WORK REQUEST:
Type out the lines below exactly, pictures excluded.

GIVEN DATA:

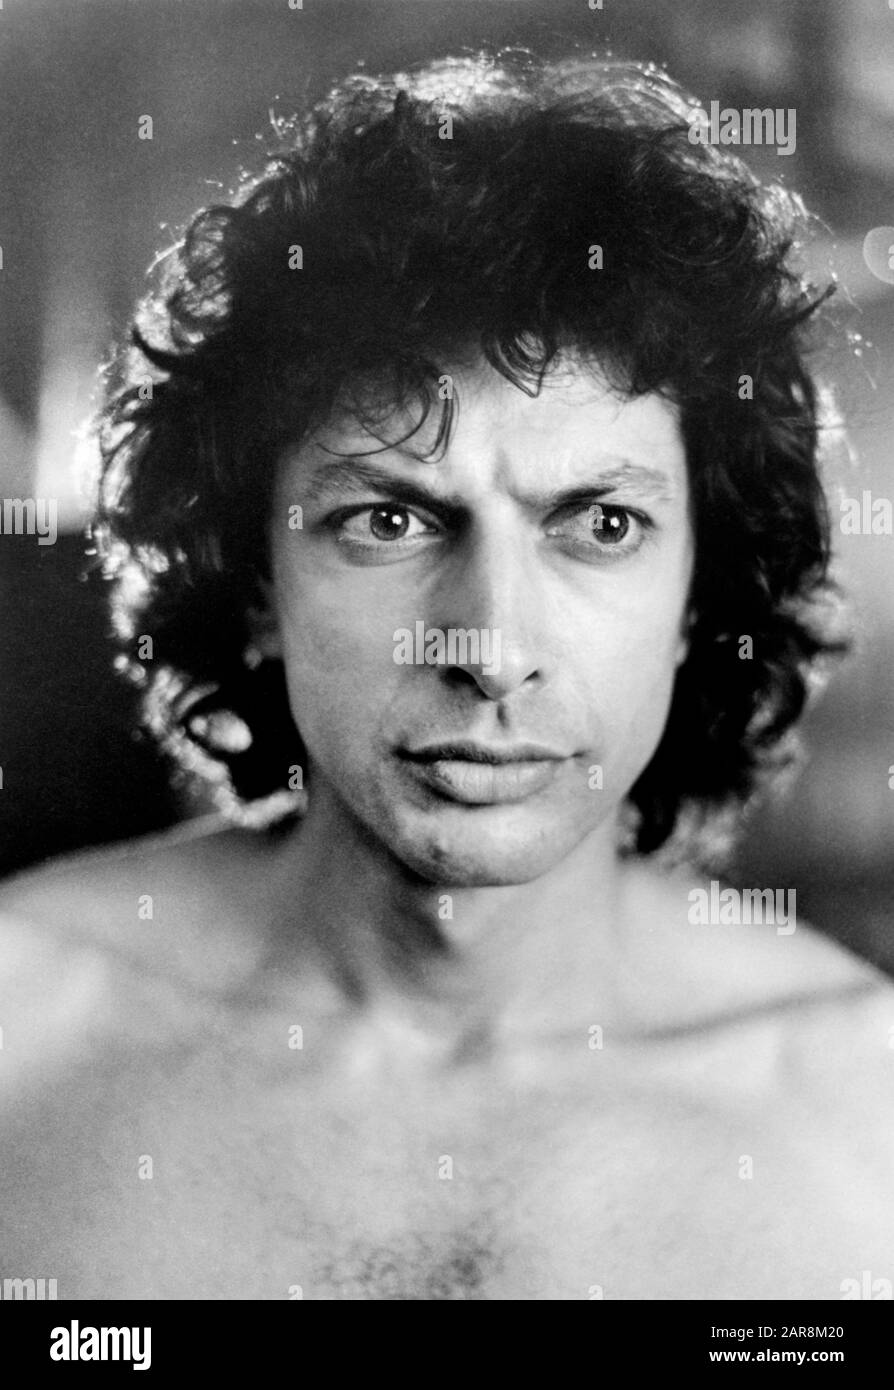 Jeff Goldblum, Head and Shoulders Publicity Portrait from the Film, 'The Fly', Photo by Attila Dory, 20th Century-Fox, 1986 Stock Photo
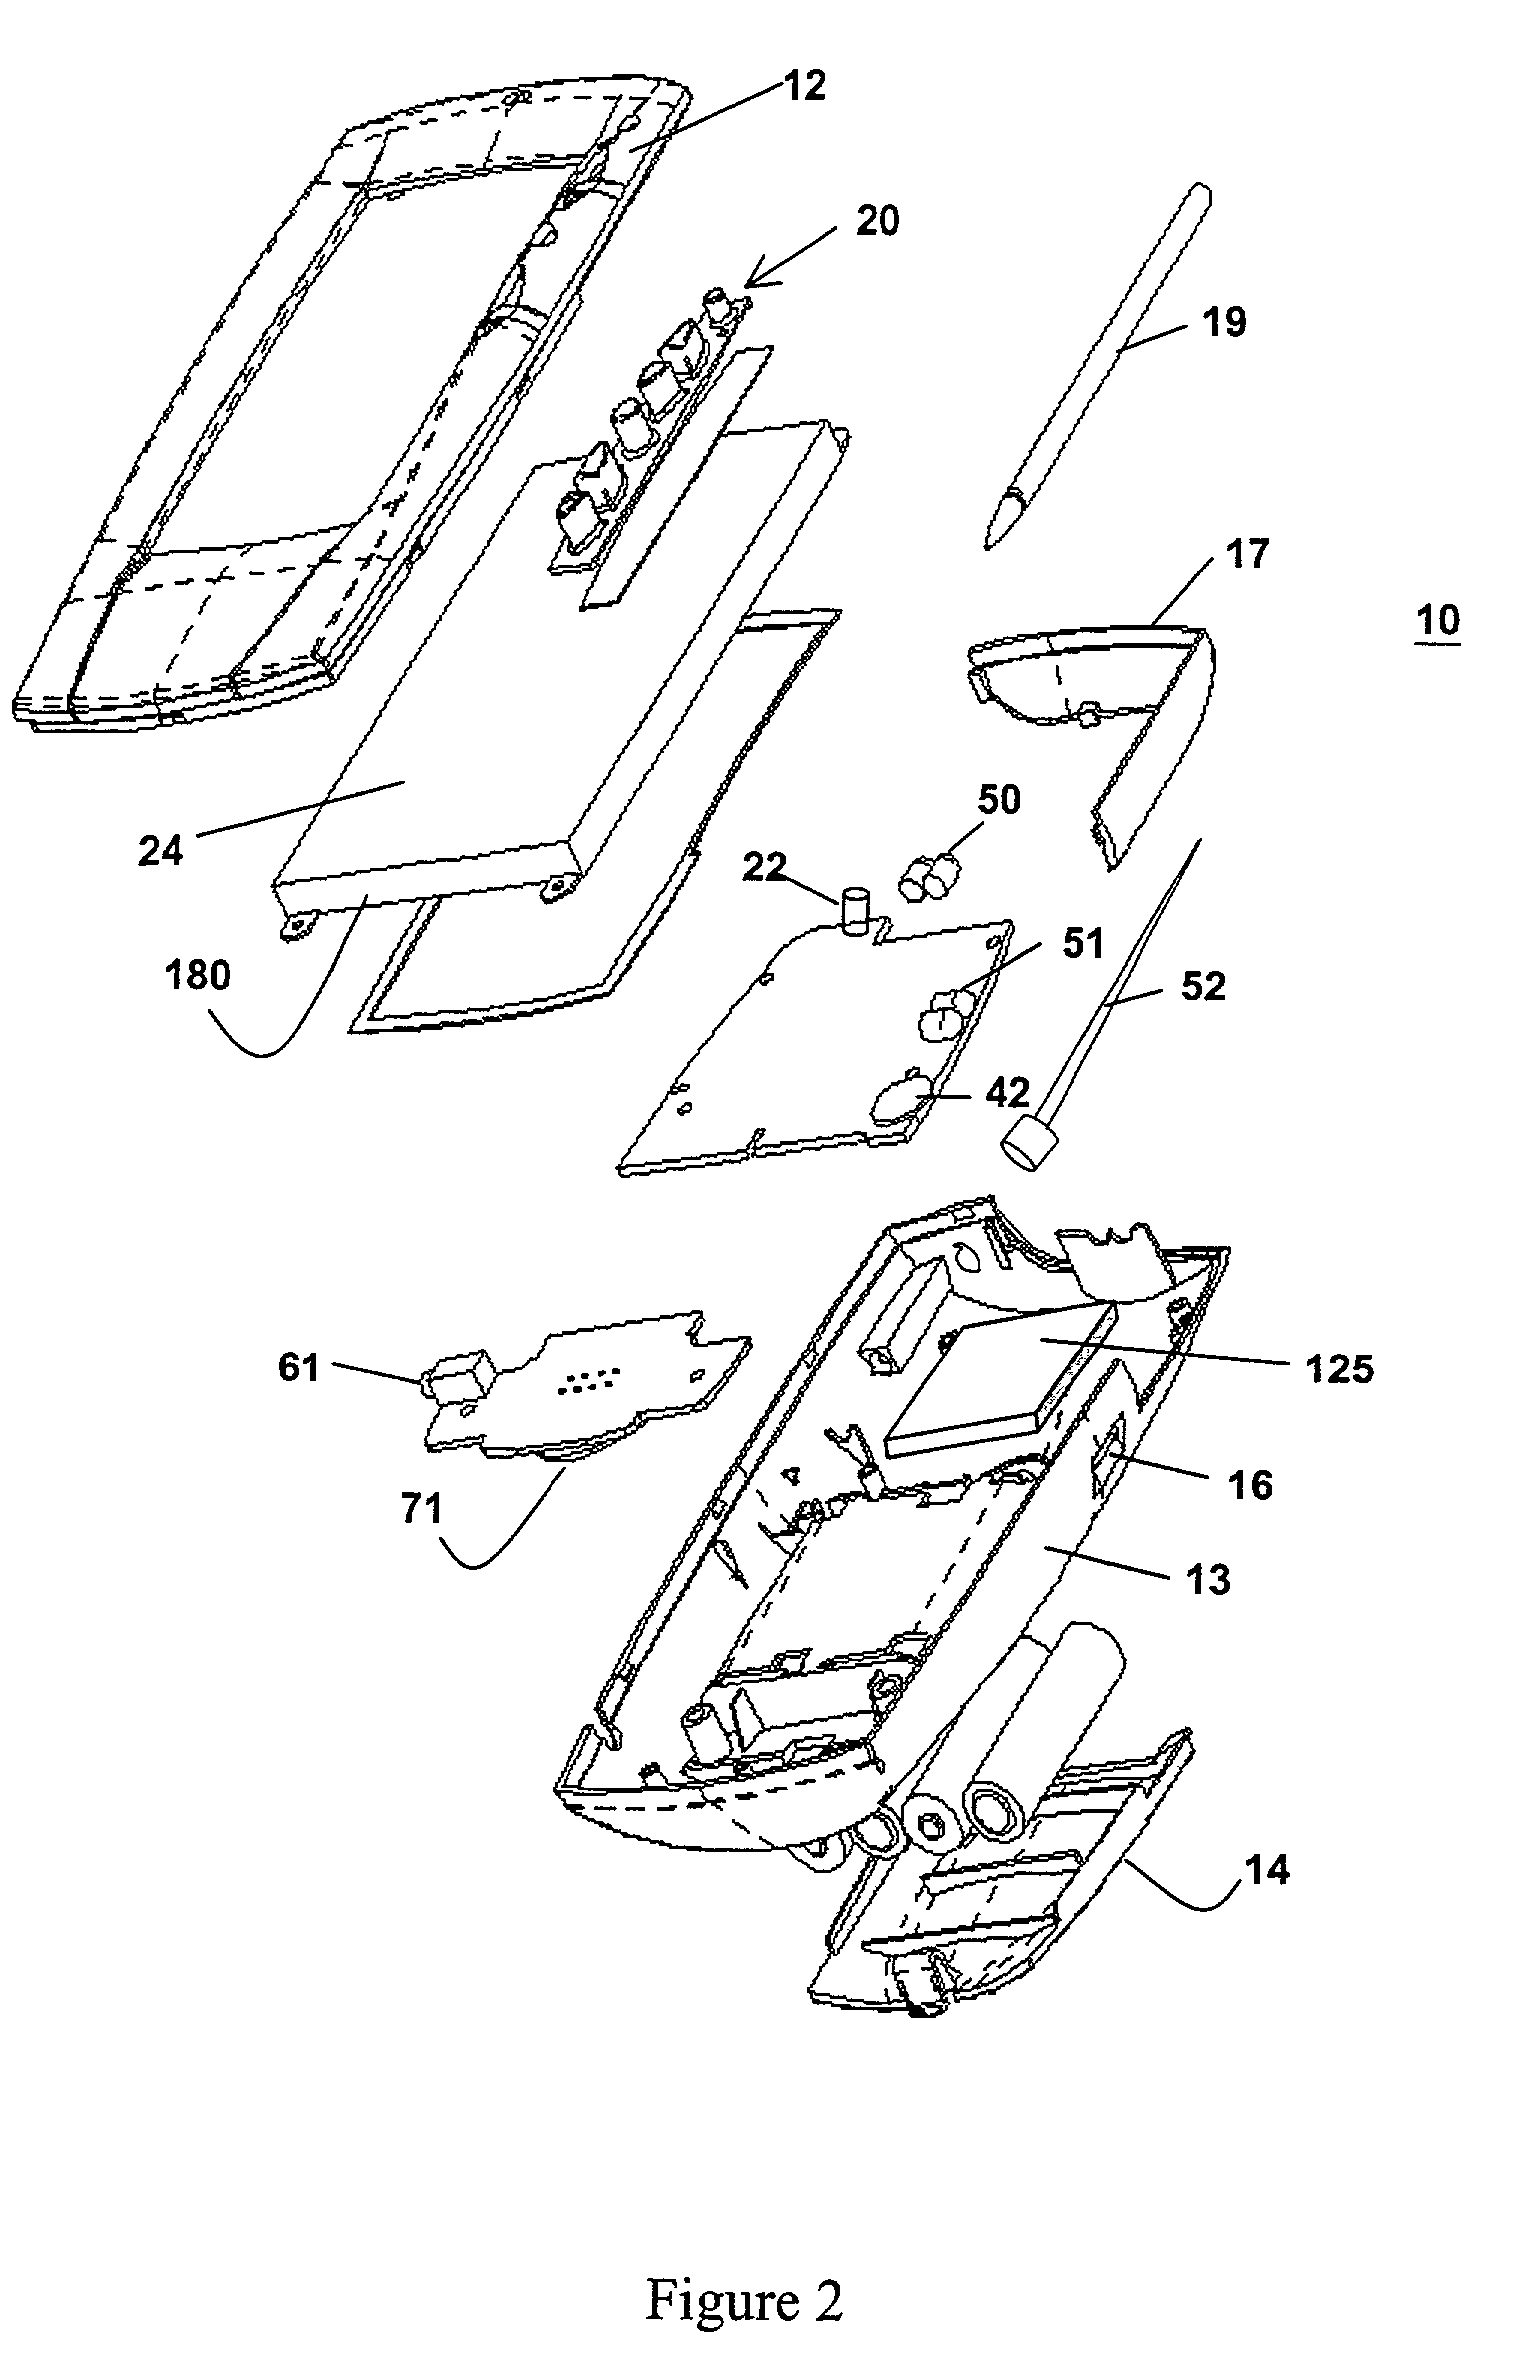 System and method for using a hand held device to display a readable representation of an audio track
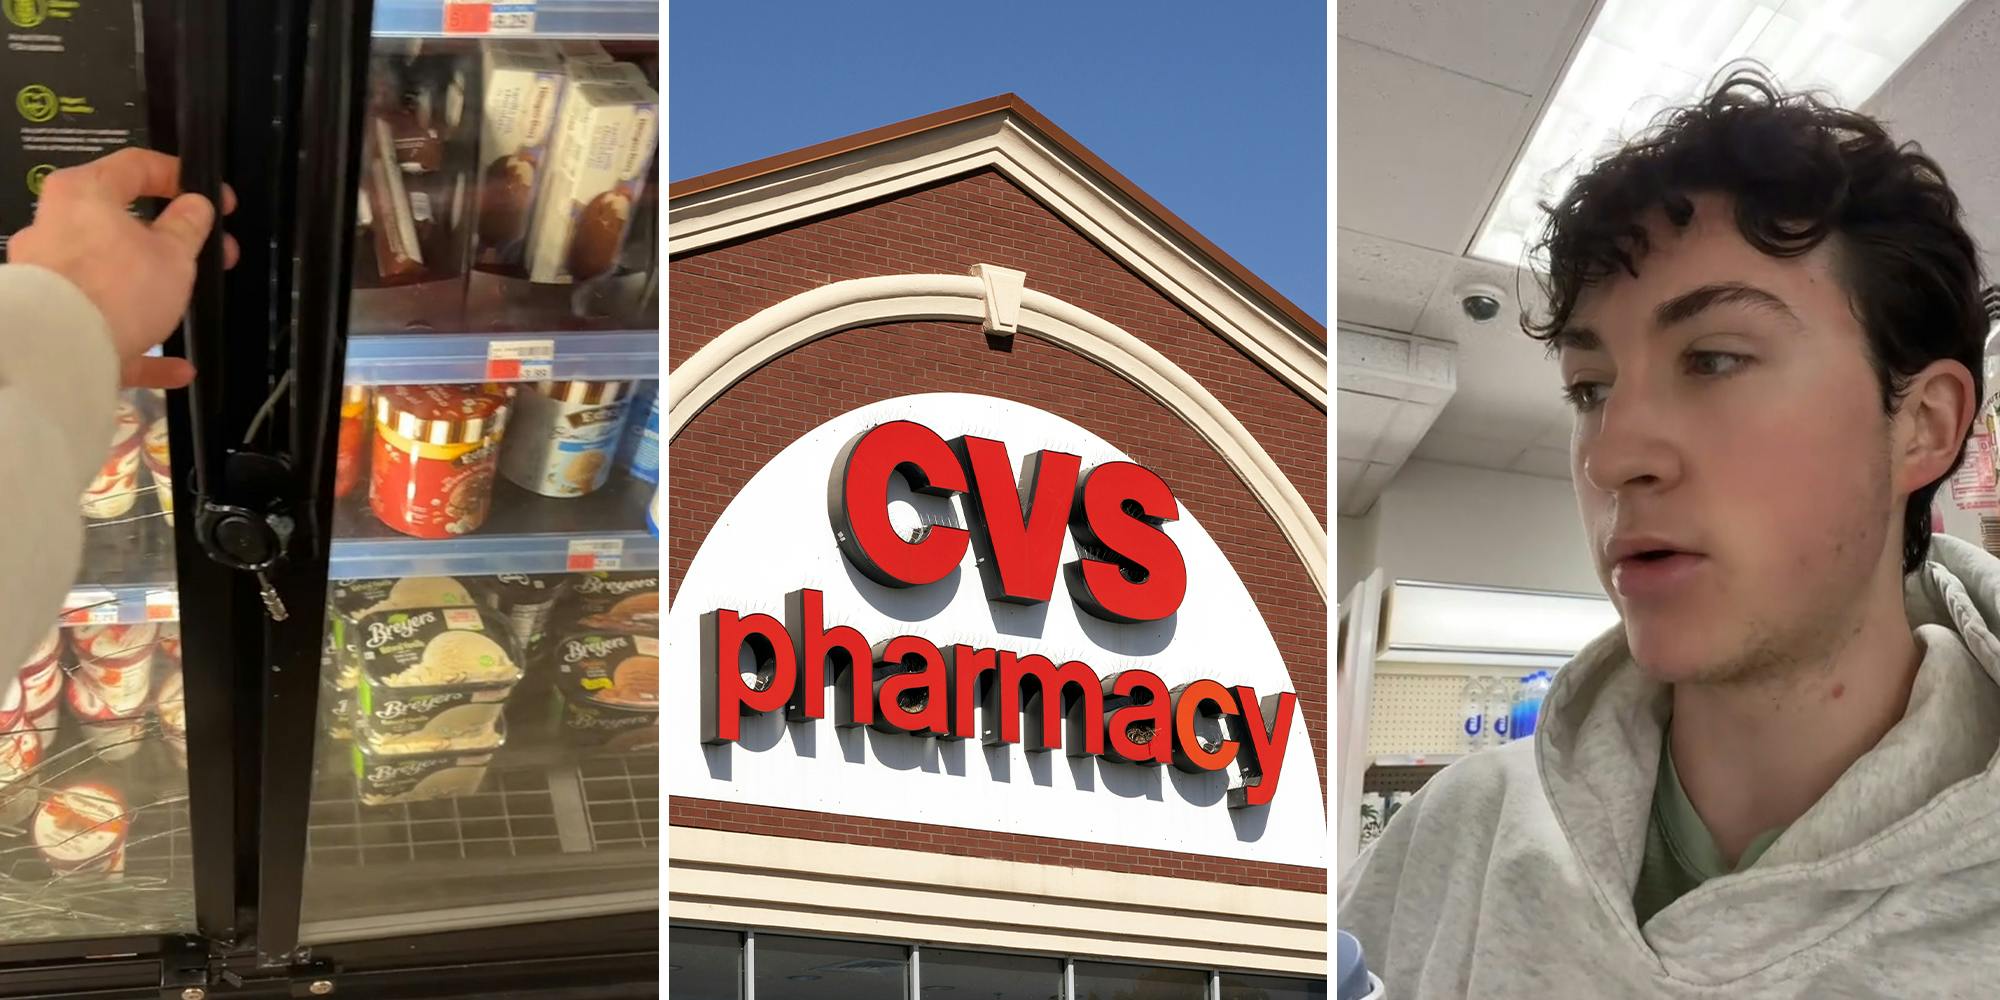 ‘I’d be so embarrassed’: CVS shopper has to push button to get worker to unlock ice cream, says it’s ‘degrading’

RESULT FOR THIS EXERCISE:
 Jeff Goldblum, Head and Shoulders Publicity Portrait from the Film, 'The Fly', Photo by Attila Dory, 20th Century-Fox, 1986 Stock Photo
 System and method for using a hand held device to display a readable representation of an audio track
 ‘I’d be so embarrassed’: CVS shopper has to push button to get worker to unlock ice cream, says it’s ‘degrading’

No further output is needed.